Культура и общество.docx

— 50.59 Кб (Скачать)

   Нынешний  этап истории философии отличается от всех предыдущих тем, что в конце  ХХ века реальная жизнь предоставляет  для теоретического осмысления такую  практическую ситуацию, в которой  выработка общечеловеческих ценностей  становится условием выживания людей  на Земле. Значит, не в том или  ином Боге нужно искать всеобщность  ценностей, а в единых интересах  человечества, осознающего свое единство — несмотря на все конфессиональные различия и на противоположность верующих и неверующих — и готового действовать в соответствии с обретаемым общечеловеческим сознанием.

   Но  не только этим вселенским масштабом  отличаются «Мы-сознания» современного человека и нашего первобытного предка — их существенное различие выражается и в том, что последнее было доличностным, еще не подымавшим индивида к осознанию его самости, а современный человек способен сохранить в «снятом» виде обретенное в истории европейской культуры Нового времени самосознание личности, соотнося при этом свою уникальную, неповторимую духовную самость с нуждами, интересами, смыслами жизни всего человечества.

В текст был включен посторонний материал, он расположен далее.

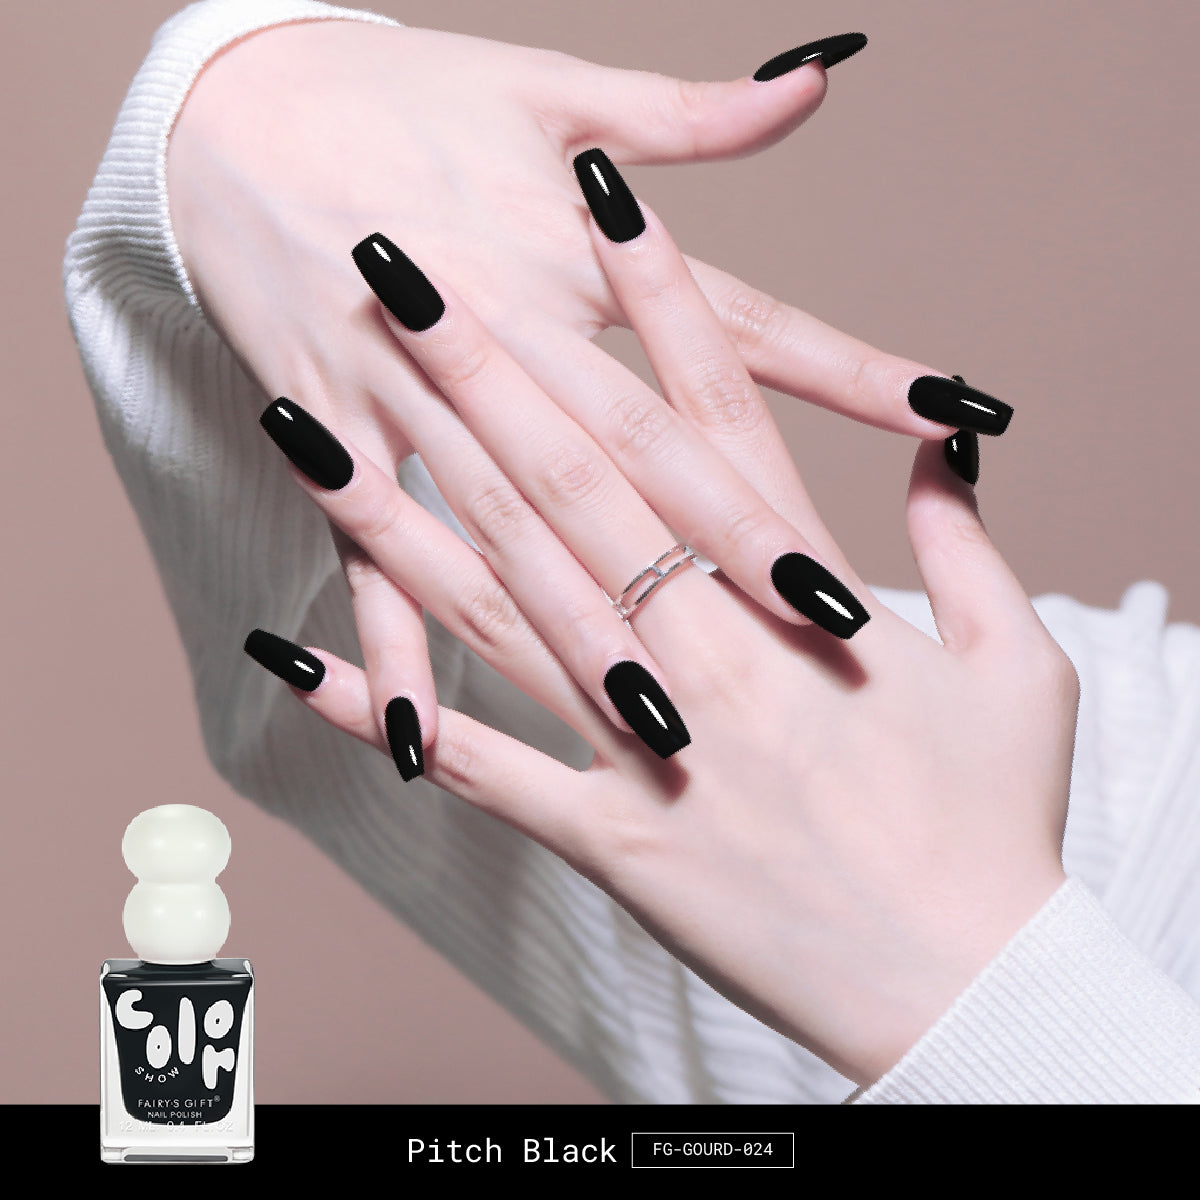 Fairy's Gift Lil's gourdie series quick dry nail polish in Pitch Black colour 024

   Именно  в таком контексте должна решаться сейчас в философии проблема свободы. Столь часто цитируемое восклицание  героя Ф. Достоевского: «Если Бога нет, то все дозволено!», не объясняет  ни способности людей неверующих быть высоконравственными, ни достаточно частого безнравственного поведения  тех, для кого «Бог есть», ни — что непосредственно важно в контексте наших рассуждений — невозможности формирования общечеловеческой нравственности при сосуществовании и противоборстве разных представлений о Боге. Поэтому формулу высшей нравственности следовало бы переформулировать так: «Если человечества нет, то все дозволено», ибо свобода личности не вырождается в произвол только тогда, когда она имеет оборотной своей стороной ответственность перед историей рода человеческого, к которому личность принадлежит и судьбы которого зависят от поведения каждого его представителя.

   В этой диалектике единичного и общего, конкретизирующейся как диалектическое единство уникального и общечеловеческого, опосредованное особенным (половозрастным, национальным, характерологическим  и т.п.), проблема человека и входит в современную философию. И именно признание значения этой диалектики определяет в наше время оценку философией того специфического знания человека, которое добывает искусство.

V

   Дело  в том, что искусство по природе  своей является человекознанием — мир входит в его содержание не непосредственно, как предстает он перед наукой, а опосредованно, преломленный через призму человеческого восприятия, переживания, осмысления. Это различие и определило характерное для позитивистского сциентизма Х1Х-ХХ веков пренебрежение «физиков» к «лирикам», равно как «потерю» человека самим искусством в ХХ веке под влиянием общей дегуманизации буржуазного сознания. Между тем, наш замечательный исследователь В. Днепров показал в своих книгах о Ф. Достоевском и Л. Толстом, что дает великое искусство самой науке для познания психологии личности, а в работах, посвященных анализу романа ХХ века — что дает он для понимания социальных и культурных процессов в современном обществе.

   Но  наряду с психологией, социологией  и культурологией художественное познание человека представляет особый интерес  для философии — потому что в отличие от всех конкретных отраслей знания и подобно философии искусство познает человека не односторонне, а в целостном его бытии, более того, в органической его связи с миром и в недоступной ни наукам, ни философии воплощенности общего в единичном, социального в индивидуальном, общечеловеческого в личностном. Неудивительно, что на протяжении всей своей истории философия то и дело обращалась к языку искусства для решения своих проблем — от драматических диалогов Платона и поэтической структуры рассуждений Лукреция до поэзии Д. Андреева, прозы М. Булгакова, симфоний Д. Шостаковича, пьес Ж.-П. Сартра, фильмов А. Тарковского и М. Скорсезе. Изданная А. И. Новиковым антология русской философской поэзии свидетельствует о стабильности влечения философии к искусству, однако только сейчас это влечение становится осознанной потребностью соотнесения того понимания человека, которое дает философу жизненный опыт и достижения наук, с тем специфическим знанием, которое добывает художественное воссоздание человека. А оно особенно важно для философской антропологии именно потому, что выявляет диалектику общечеловеческих и личностных ценностей — ту самую, которая составляет глубинную суть современного понимания человека.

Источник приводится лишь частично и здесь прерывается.